How to recalculate Viet Nam’s GDP

Your family is like a miniature country, the total income of the main members is the GDP of the family.


Gross Domestic Product GDP, the market value of all final goods and services produced by a country, is one of the best measures of an economy’s income.


Your economy consists of a working couple and two children in school. Each month, you receive a salary of 17 million VND and your wife (husband) receives a salary of 15 million VND. In total, the couple earns 32 million VND a month, or 416 million VND a year, including the 13th month salary. This is your family’s GDP.


But sometimes you get a part-time job, collaborate here and there, and get other income. For example, as I write an article, some places pay 500,000, some places pay 1 million.


Now, suppose there is an agency that tracks and records your household’s income. This agency in national practice is now the General Statistics Office. So far, they have only fully recorded the official income from the couple’s agency, but cannot track the royalties you write for the newspaper. That is, not every income you earn is recorded. The statistical agency only looks at your monthly salary, not your overtime activity.

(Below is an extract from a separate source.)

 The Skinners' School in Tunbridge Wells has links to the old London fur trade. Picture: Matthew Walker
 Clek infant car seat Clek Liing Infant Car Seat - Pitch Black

And now, with GDP recalculation, they somehow get the extra money you earn, added to the family GDP.


On the books of the General Statistics Office, your family’s GDP number changes, increases by a certain percentage, but in reality, your income remains the same. Each person still eats the same bowl of rice. Your wife still buys a pound of meat or fish and two bundles of vegetables every day when she goes to the market. Your children are not transferring from a public school to an international school. The standard of living and spending in the family have not changed.


When your children grow up, they will go to work and start families of their own. These new families are like new businesses entering the economy. It is possible that the statistics agency has not yet updated and observed the income they generate.


Currently, the General Statistics Office has completed and is about to announce the GDP results with a new calculation method. Accordingly, changing the calculation method gives a far different result than the old number, increasing the GDP value by up to 25%.


With the total economic scale by the end of 2017 reaching about 220 billion USD, the new GDP scale is estimated to increase to 275 billion USD. Including the growth rate in 2018 and the first half of 2019, the size of Vietnam’s economy has exceeded 300 billion USD. Vietnam’s GDP per capita thus increased to $3,000, instead of $2,590. According to the General Statistics Office, in this adjustment, 76,000 enterprises that were previously omitted are now counted.


Observing and recording every income generated in the economy is a costly undertaking in terms of both money and time. Omission is almost inevitable. However, 76 thousand businesses are overlooked, accounting for 10% of the total number of existing businesses, but generating up to a quarter of the GDP of the serviced apartment in ho chi minh city, many of them may not be small, making many people unhappy. can’t help but wonder about the calculation method as well as the compliance with the statistical law in the past time.


Worse, the GDP adjustment could damage Vietnam’s national credibility. Regardless of objective or not, with the adjusted scale up to more than ¼ of the economy, it is really considered a shock in the eyes of international observers. There is already a list of countries that have been accused by Western media and organizations of “suspicious GDP”, such as China or India. A recent Brookings Institution study found that the size of China’s economy is about 12 percent smaller than it is reported, and GDP growth is overstated by about two points. percent per year for the recent period. Likewise, India is also said to have a real GDP growth rate of around 4.5%, instead of approximately 7% per year as reported. Flashy numbers mean nothing if international investors lose confidence.


After all, objectively calculated or not, the new GDP and its accompanying indicators are still just statistics on the books. It does not relieve people from worrying about tomorrow’s food and money, but it does add to worries about a new surge in debt and public spending.